### [INPUT DATA]
════════════════════

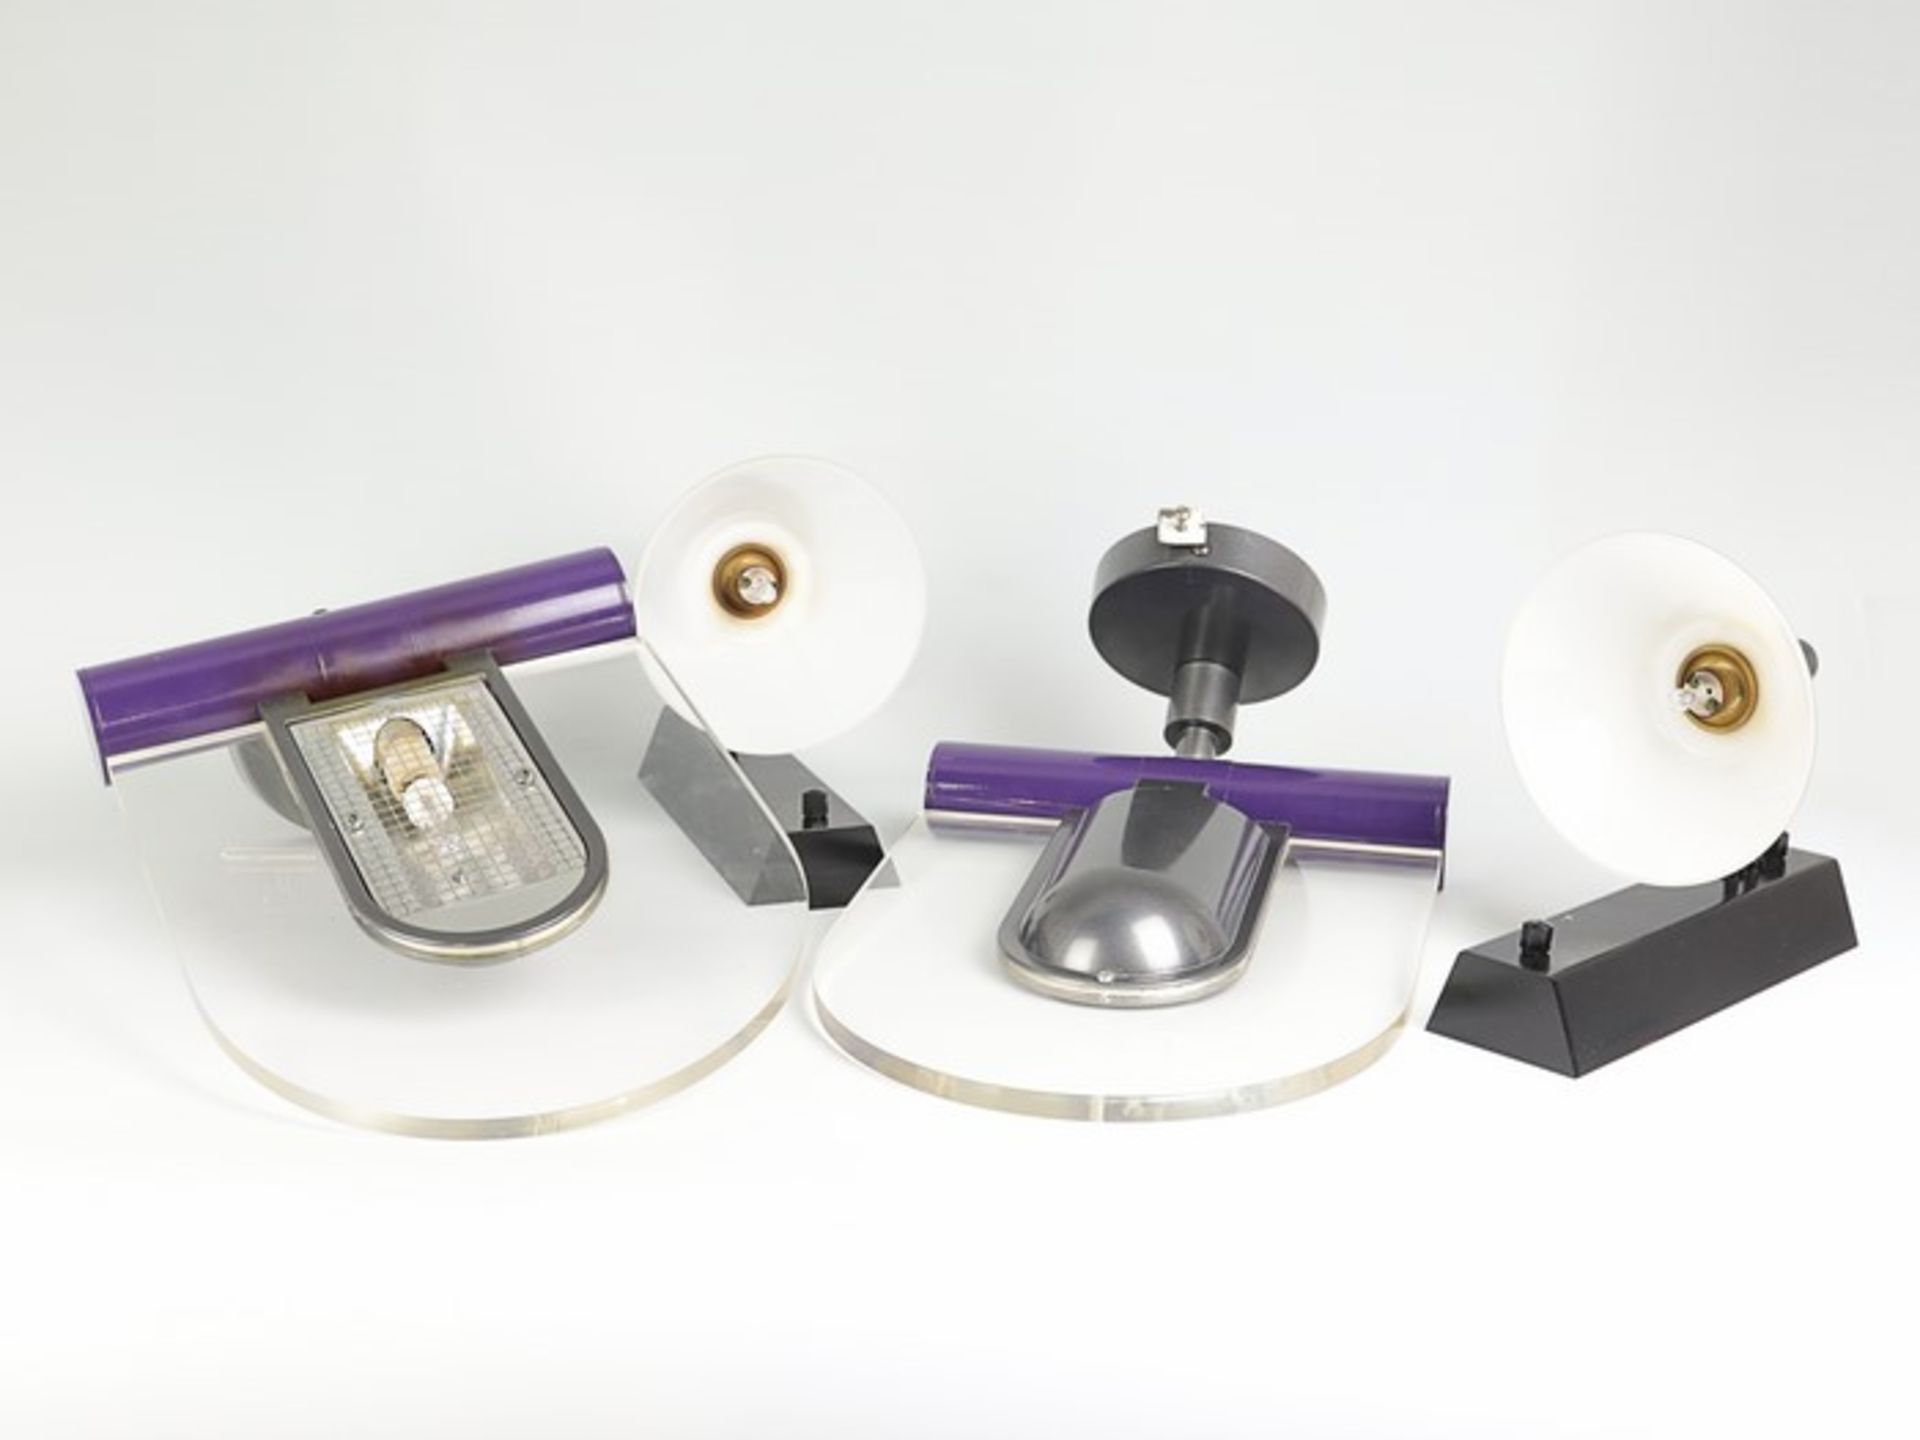 Wandlampen5 St., Metall/(Acryl-)Glas, schwarz, violett u. silberfarben lackiert, 1-flammig, 3x
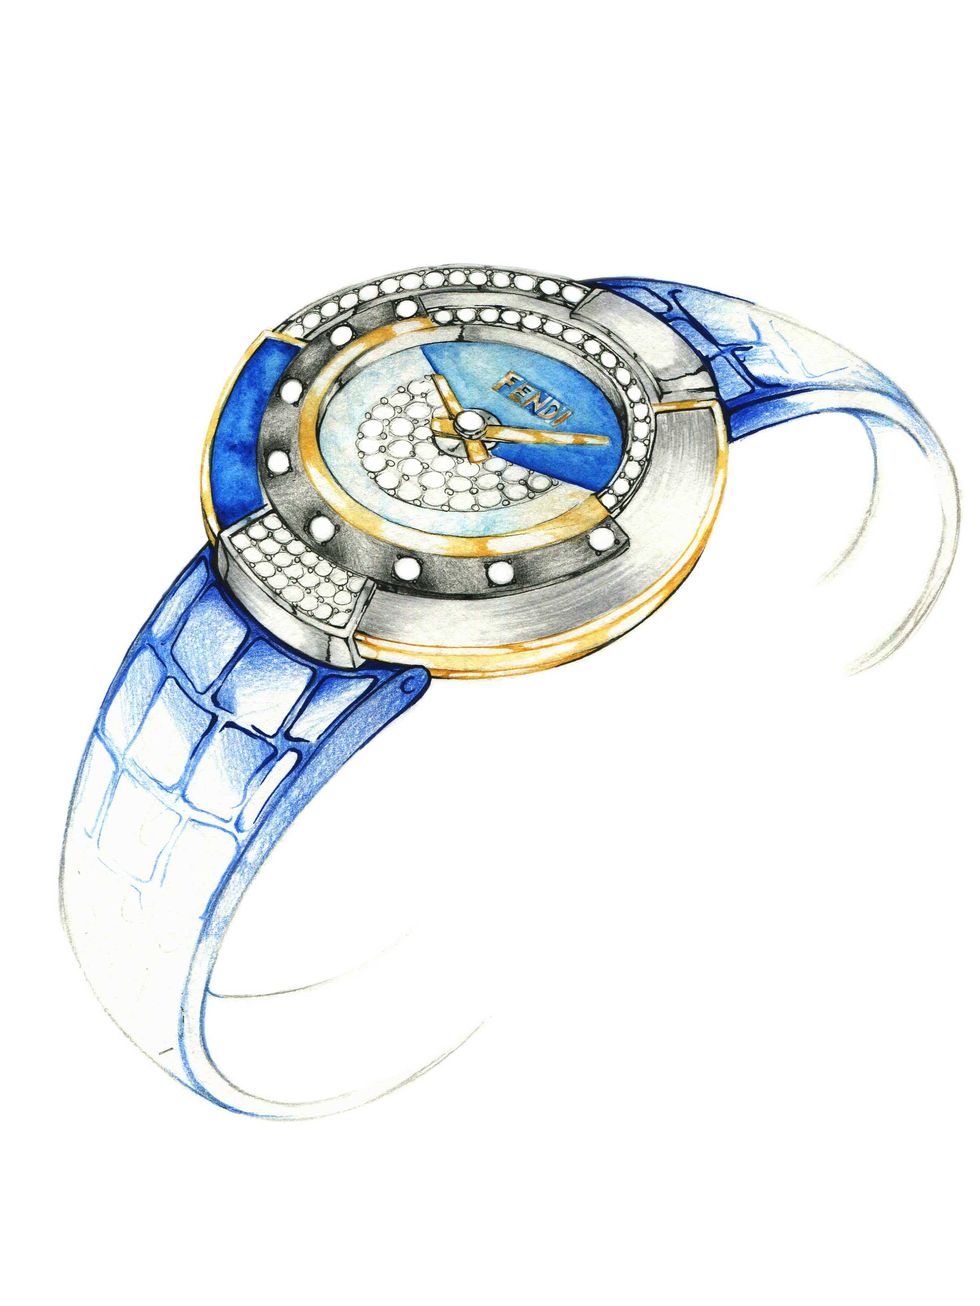 Blue, Azure, Electric blue, Cobalt blue, Circle, Analog watch, Drawing, Measuring instrument, Number, 
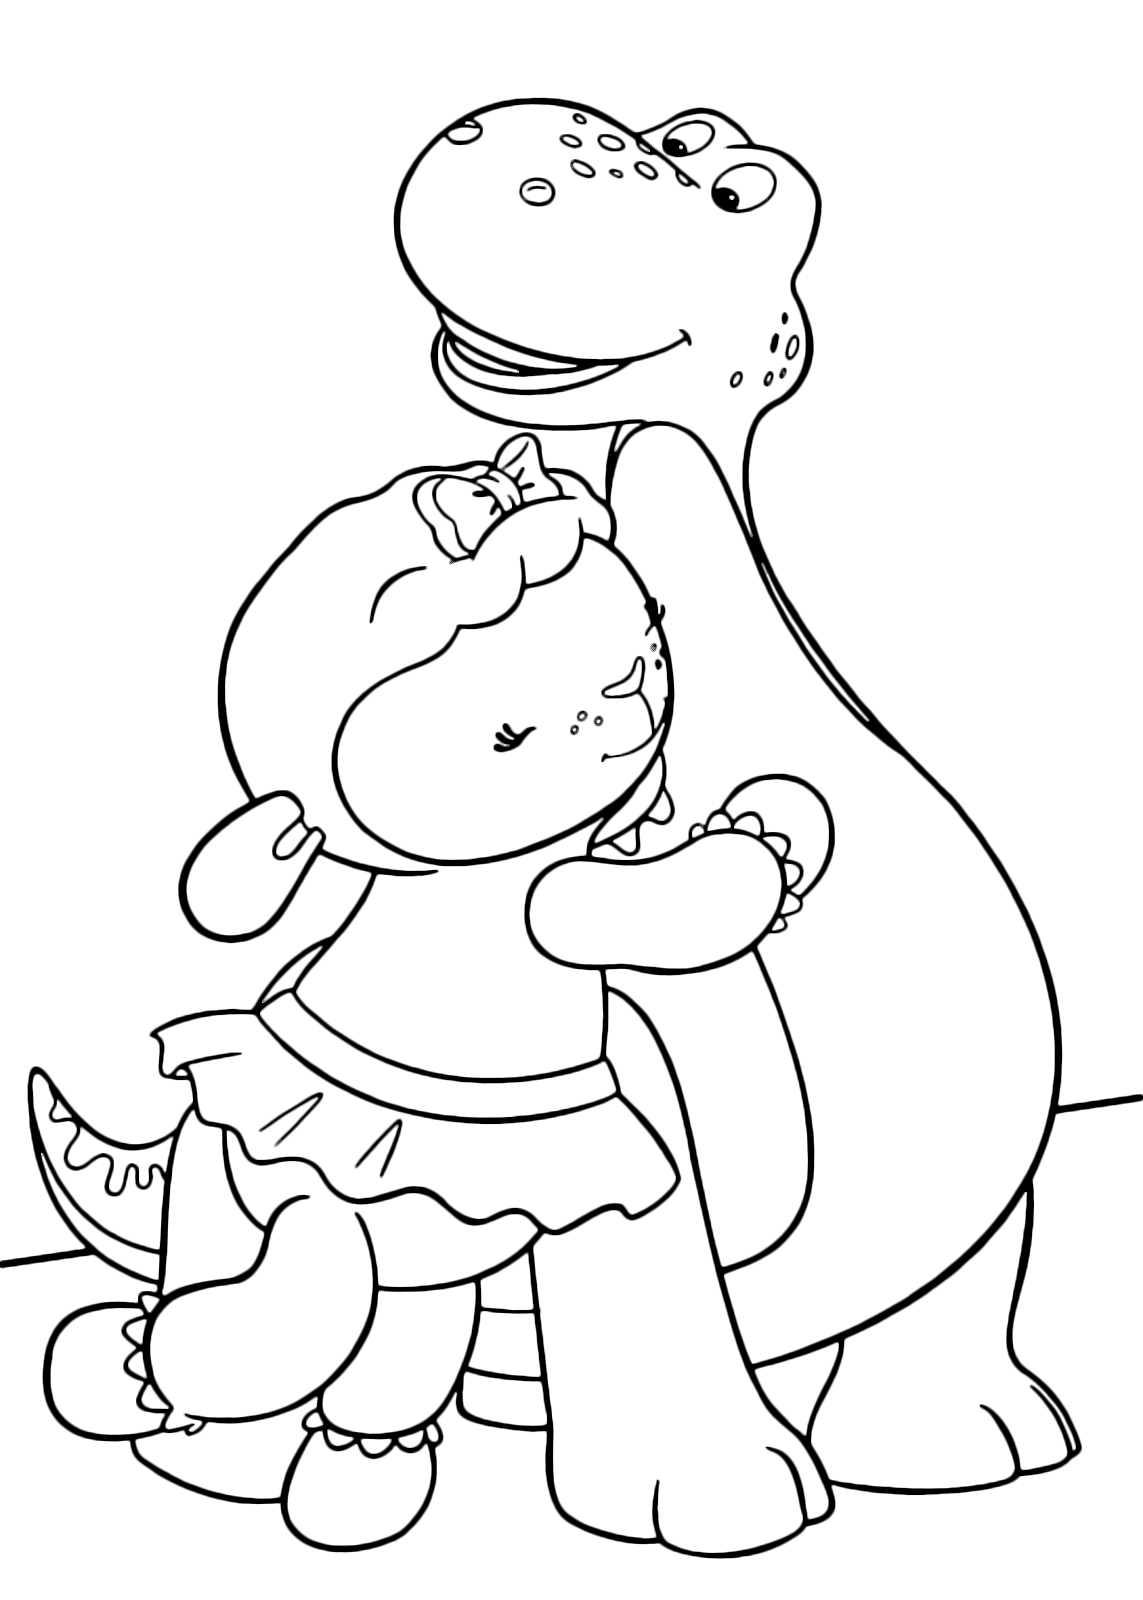 Doc McStuffins - Lambie the lamb hugs her friend Bronty the dinosaur

════════════════════

### [TASK DIRECTIONS]
Would it be possible to copy the material exactly, excluding the images?

### [EXERCISE OUTPUT]
 Wandlampen5 St., Metall/(Acryl-)Glas, schwarz, violett u. silberfarben lackiert, 1-flammig, 3x
 Blue, Azure, Electric blue, Cobalt blue, Circle, Analog watch, Drawing, Measuring instrument, Number, 
 Doc McStuffins - Lambie the lamb hugs her friend Bronty the dinosaur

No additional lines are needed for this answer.